─── Data section ───

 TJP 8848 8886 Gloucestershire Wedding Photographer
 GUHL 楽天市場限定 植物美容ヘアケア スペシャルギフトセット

───
─── Data section ───

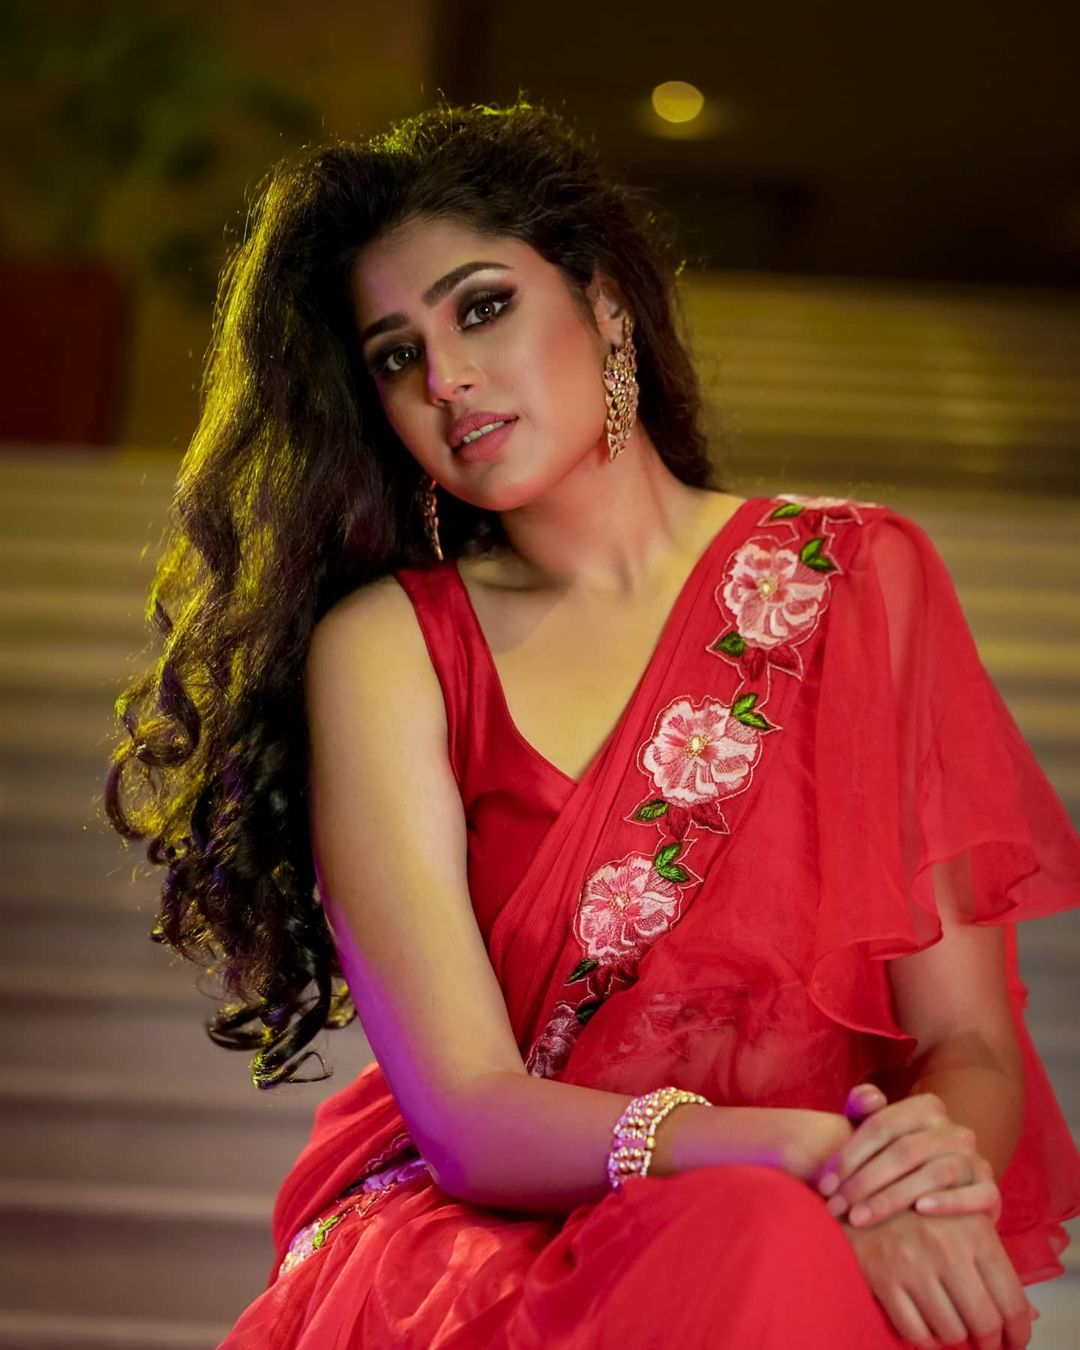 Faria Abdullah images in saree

───

Everything in the material above from the line that has "TJP 8848 8886" through the line that has "GUHL 楽天市場限定 植物美容ヘアケア スペシャルギフトセット" must be duplicated exactly, with no other lines given.

(Answer to the exercise)
 TJP 8848 8886 Gloucestershire Wedding Photographer
 GUHL 楽天市場限定 植物美容ヘアケア スペシャルギフトセット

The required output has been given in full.